In our first installment of this series, we established the simple fact that price action in ALL financial markets behaves quite predictably around its open range of the actual pit session hours. Not every day… but more days than not. Anytime you can find any price behavior that repeats itself more often than not, you have just found yourself some part of a decided edge to predictable trend behavior.
It’s one thing to know whether price action is currently more bullish or more bearish on a statistical basis. But that’s not nearly enough information to exploit. We also need to know where price action is headed, and also where the distant turning points may be as well.
The next step in our trend-filter process for intraday trading takes the initial open range zone, and adds some values to it. The actual levels I use to project/retrace high-odds price magnets to the chart are depicted in this fibonacci retracement bracket above. After literally years of testing, research and live observation, it was apparent that the 233, 382 and 500 zones had uncanny price attraction more often than not.

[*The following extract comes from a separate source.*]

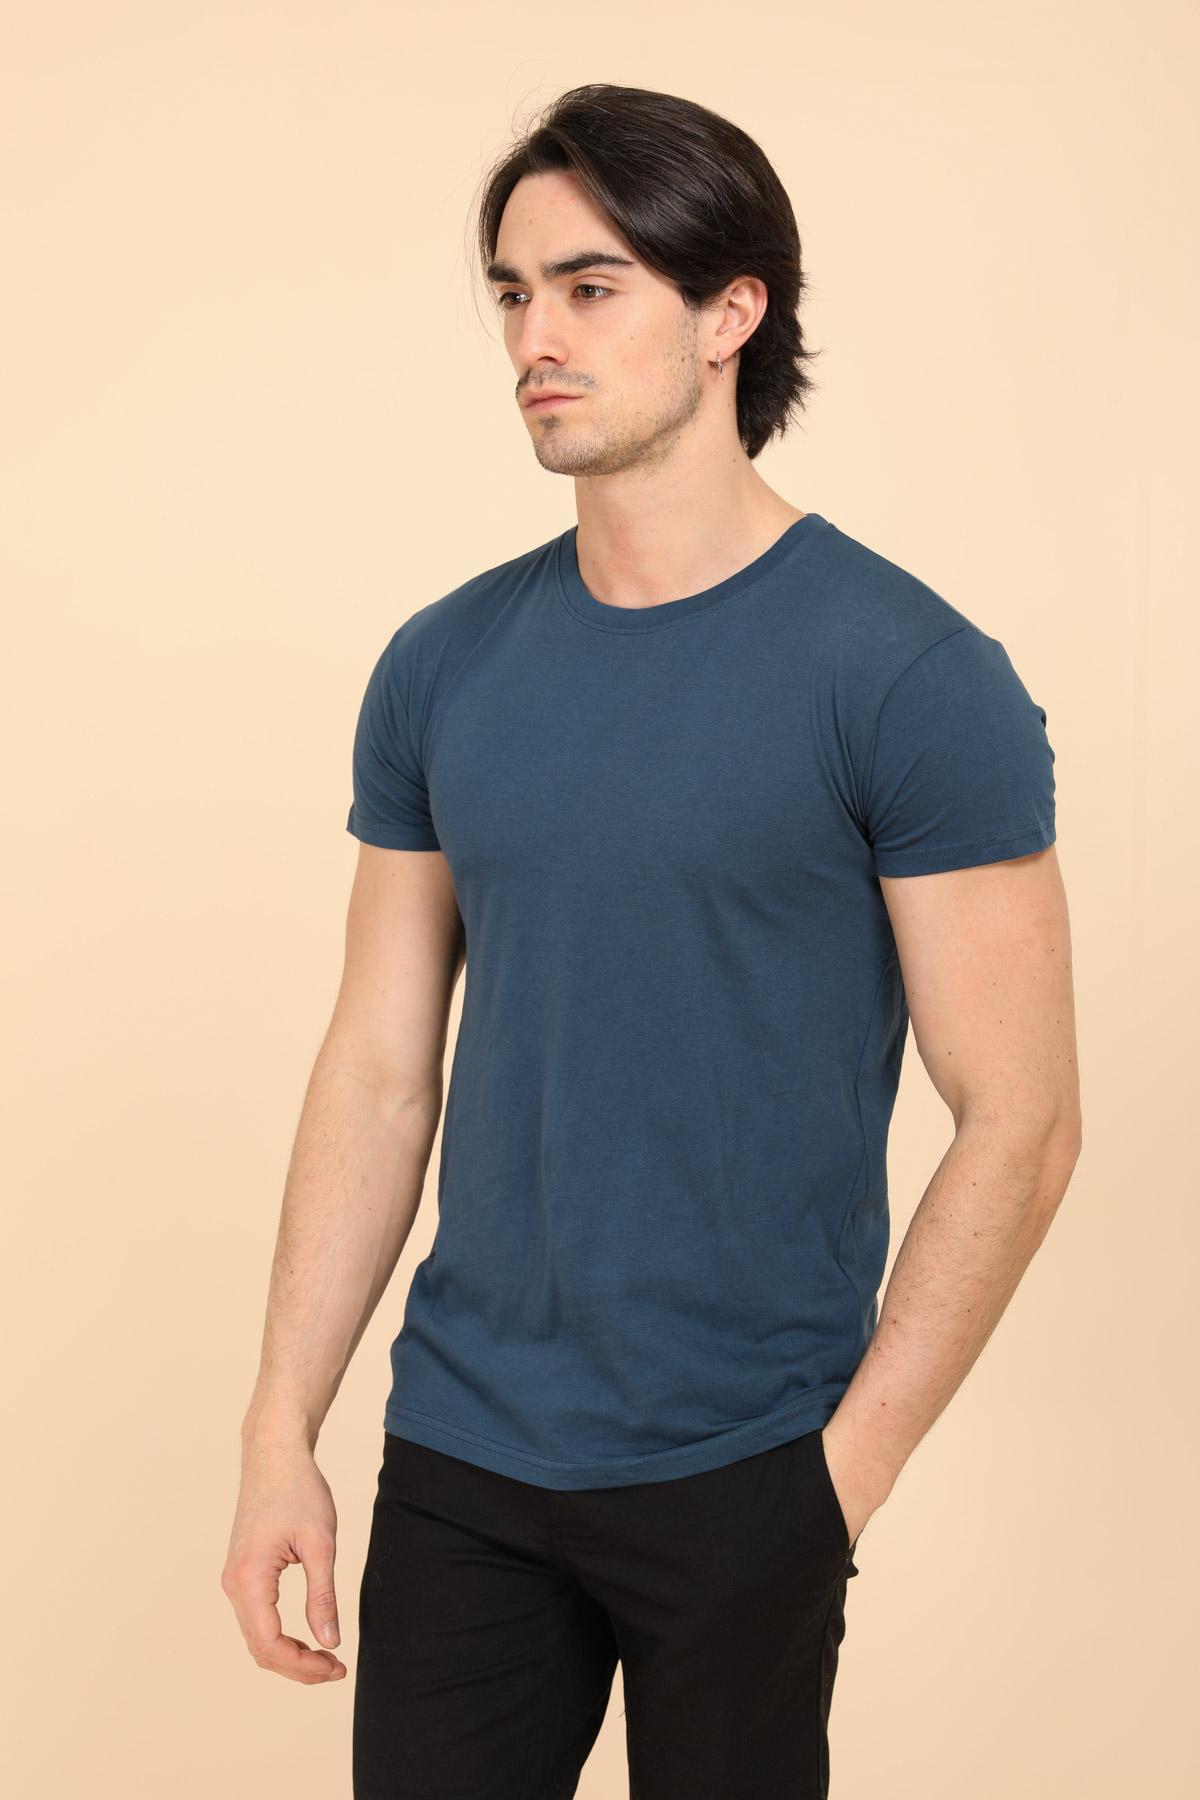 T-shirts Homme Bleu CITY DESIGN TS801 #c eFashion Paris

I will be first to say that exact numerical levels are not resolute. I’m quite confident that the values of 250, 333 and 500 or 512 would all have similar blended results over time.
My open-range grid is drawn in the same direction as 5min price bar trends. A higher close from open means 100% is anchored at the low and 0% is anchored at the high of said (green) price bar. A lower close than open (red bar) means 100% is anchor at high with 0% anchored at low. On occasion where the opening bar is neutral (doji) in nature, I draw a double grid going both ways and mark the overlapped value zones where they blend.